**PROBLEM TO WORK ON:** Skip the pictures. Give all the data again exactly.

**DATA:**
BEGIN

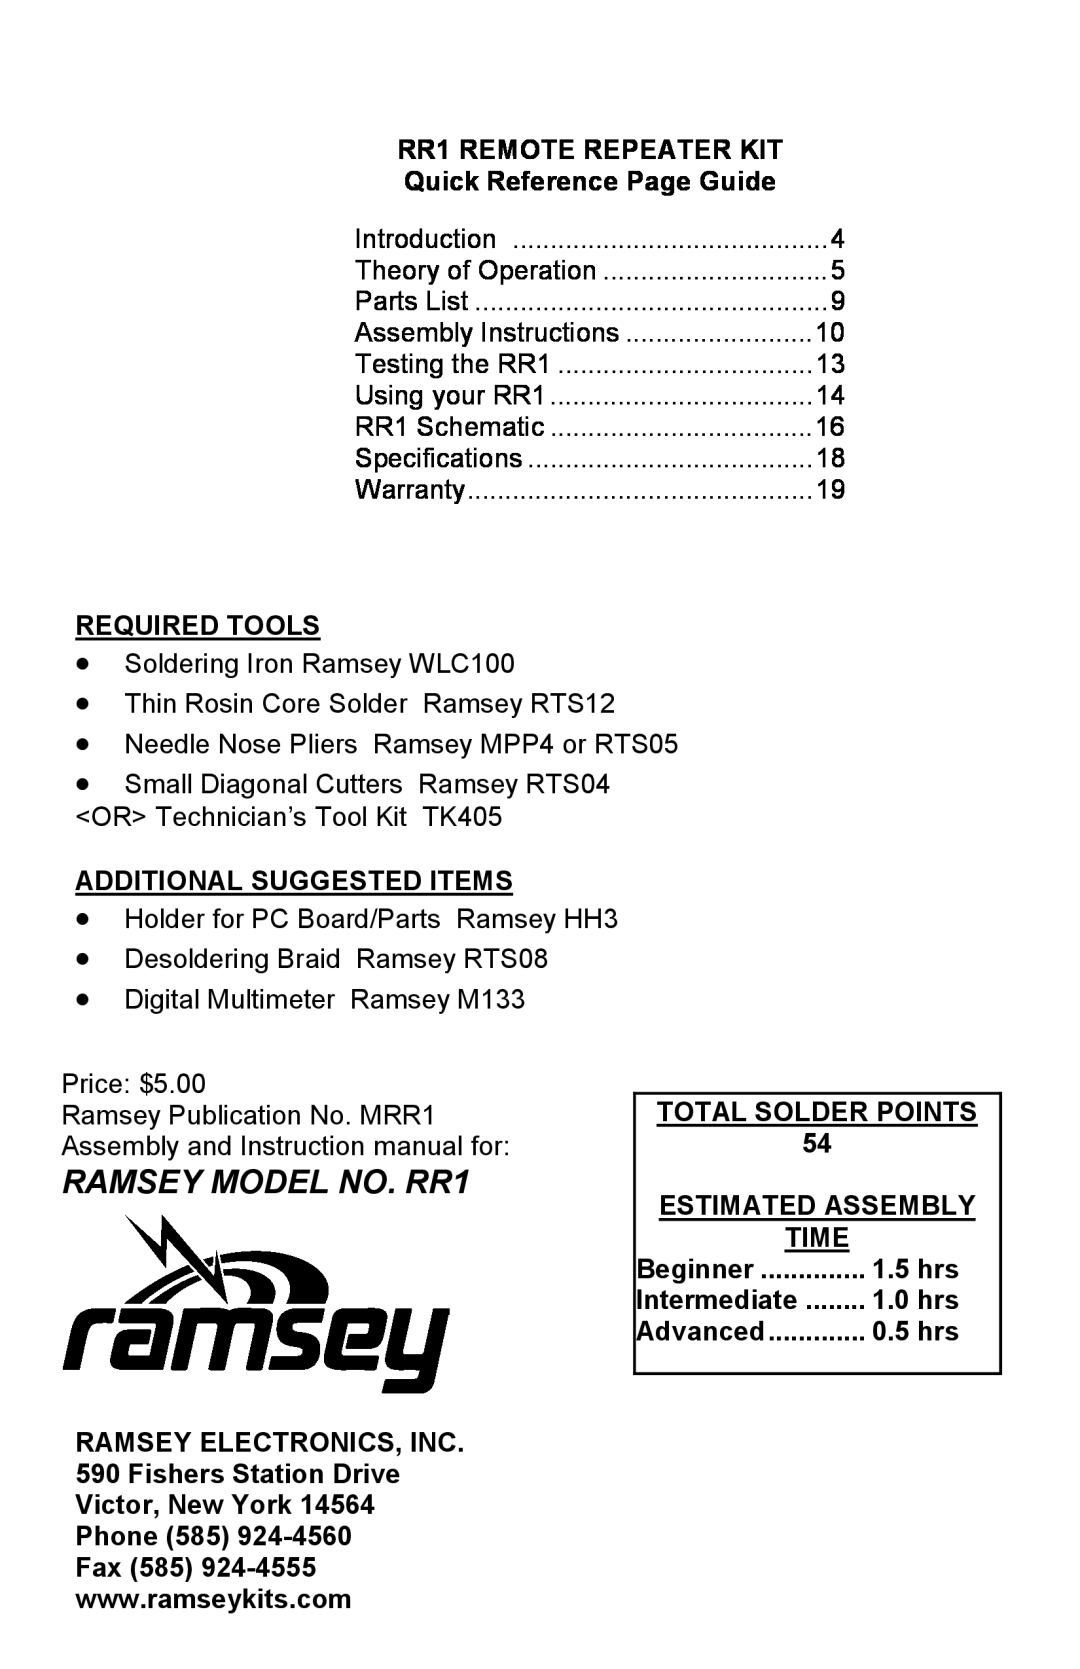 Ramsey Electronics manual RAMSEY MODEL NO. RR1 
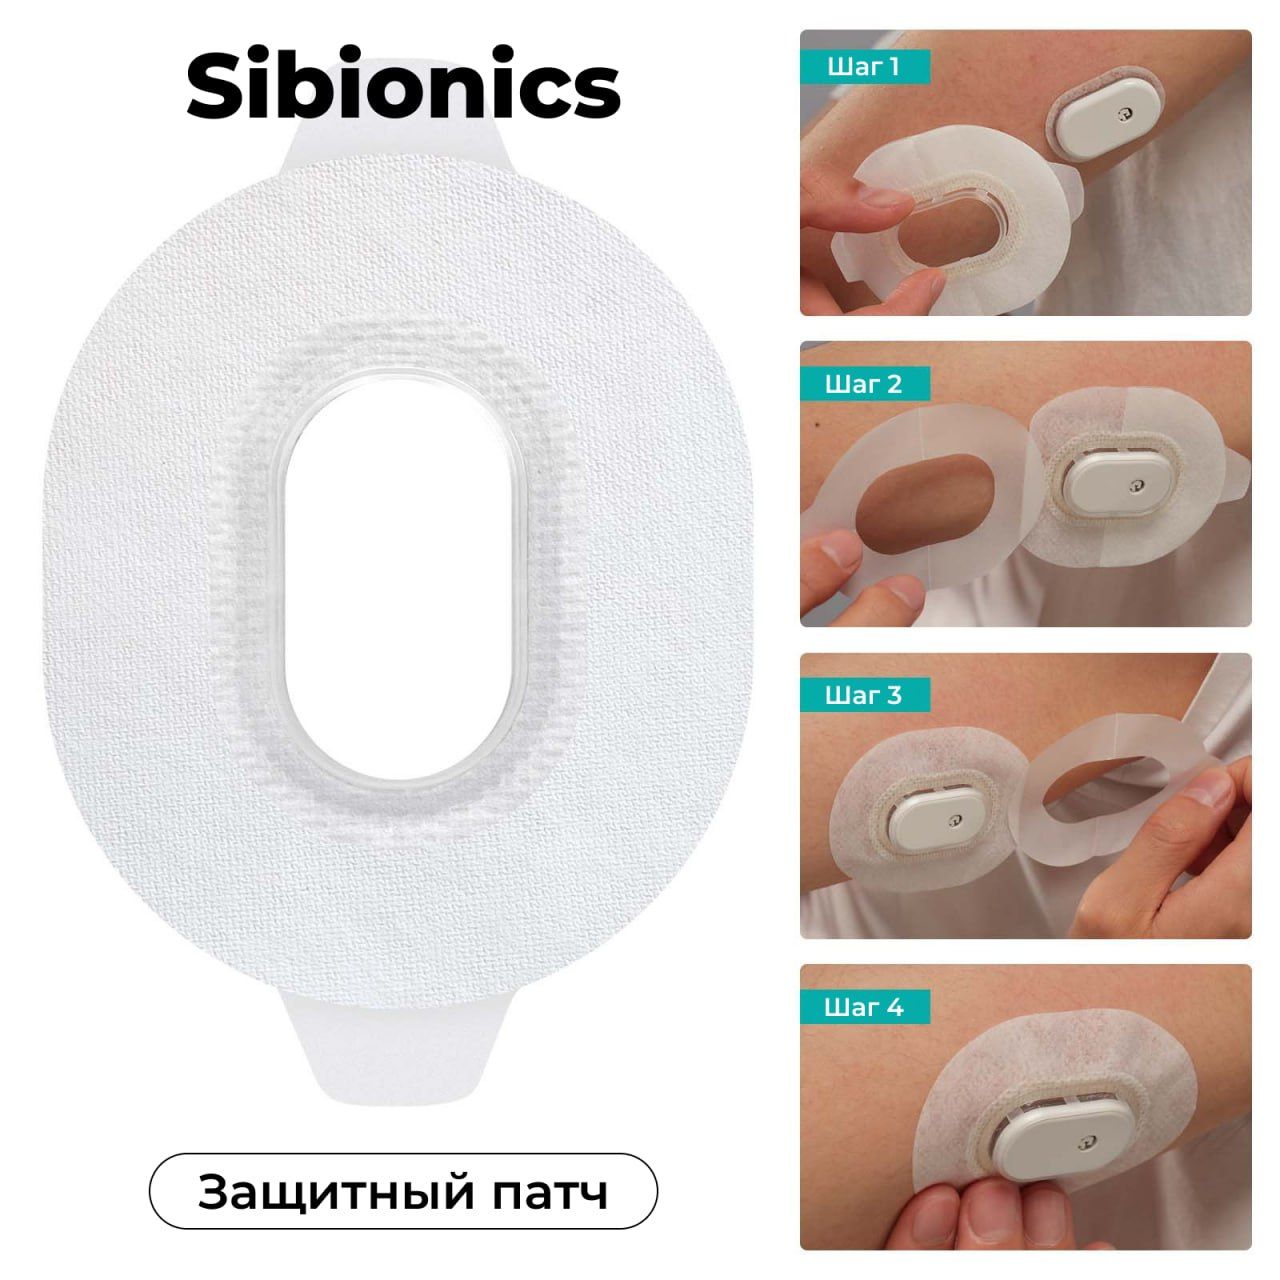 Sibionics gs1. Сибионикс датчик. Sibionics. Сибионикс.
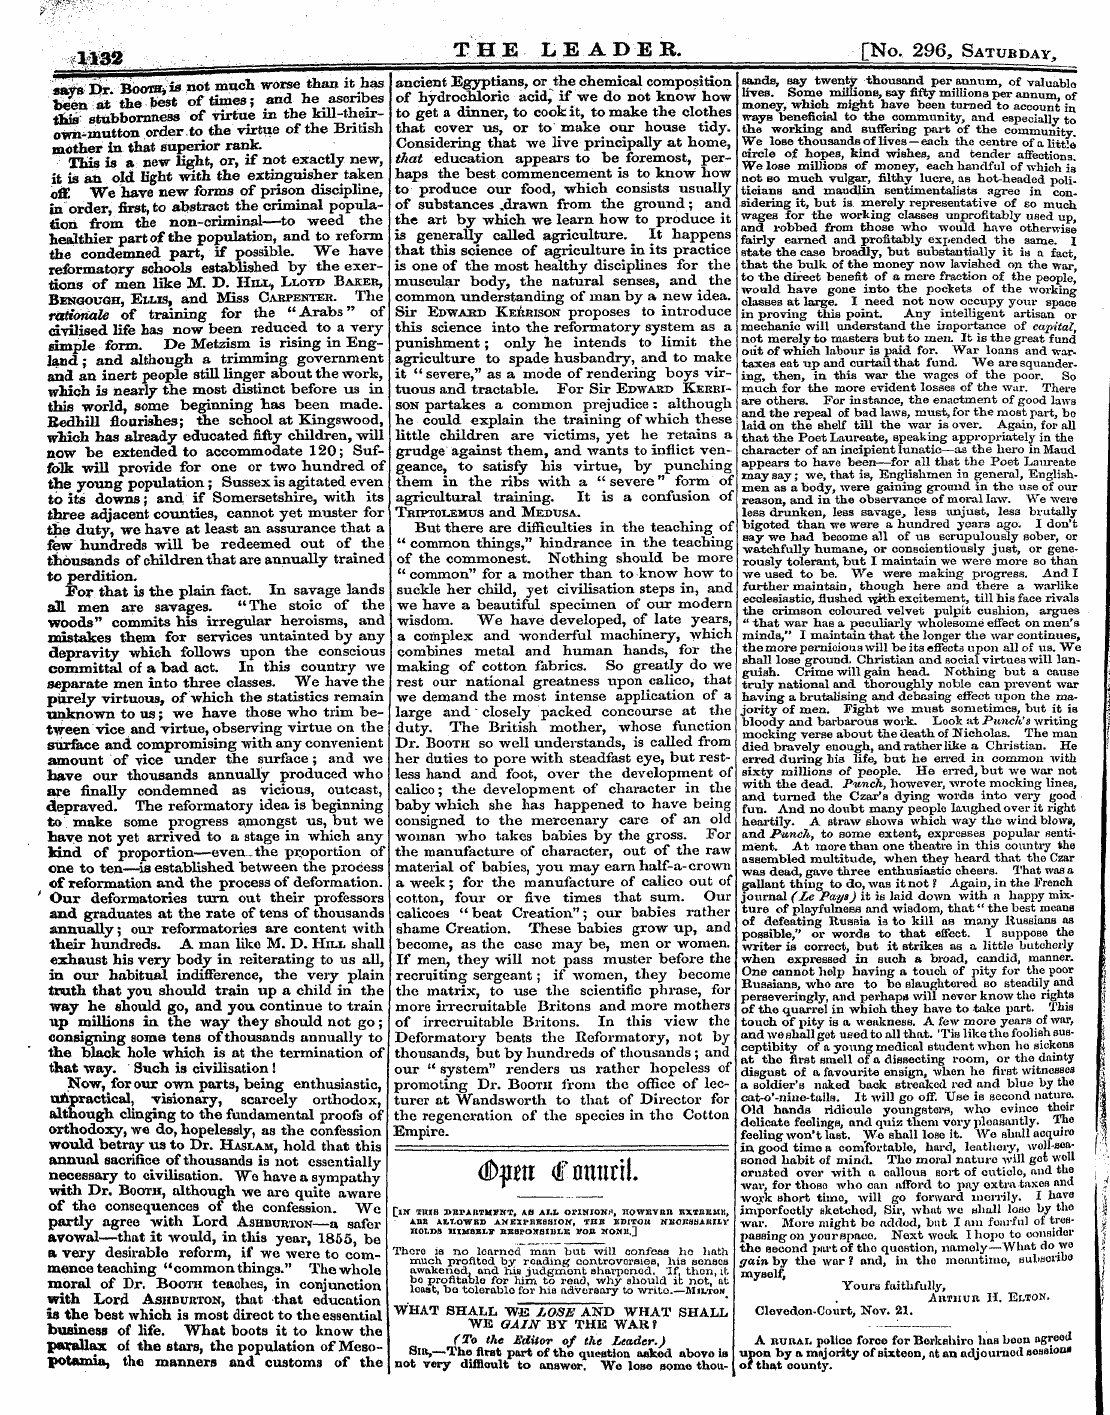 Leader (1850-1860): jS F Y, 2nd edition - J^«K The Leader. [No, 296, Satubday

END

**RESULT BELOW:**
 Ramsey Electronics manual RAMSEY MODEL NO. RR1 
 Sibionics gs1. Сибионикс датчик. Sibionics. Сибионикс.
 Leader (1850-1860): jS F Y, 2nd edition - J^«K The Leader. [No, 296, Satubday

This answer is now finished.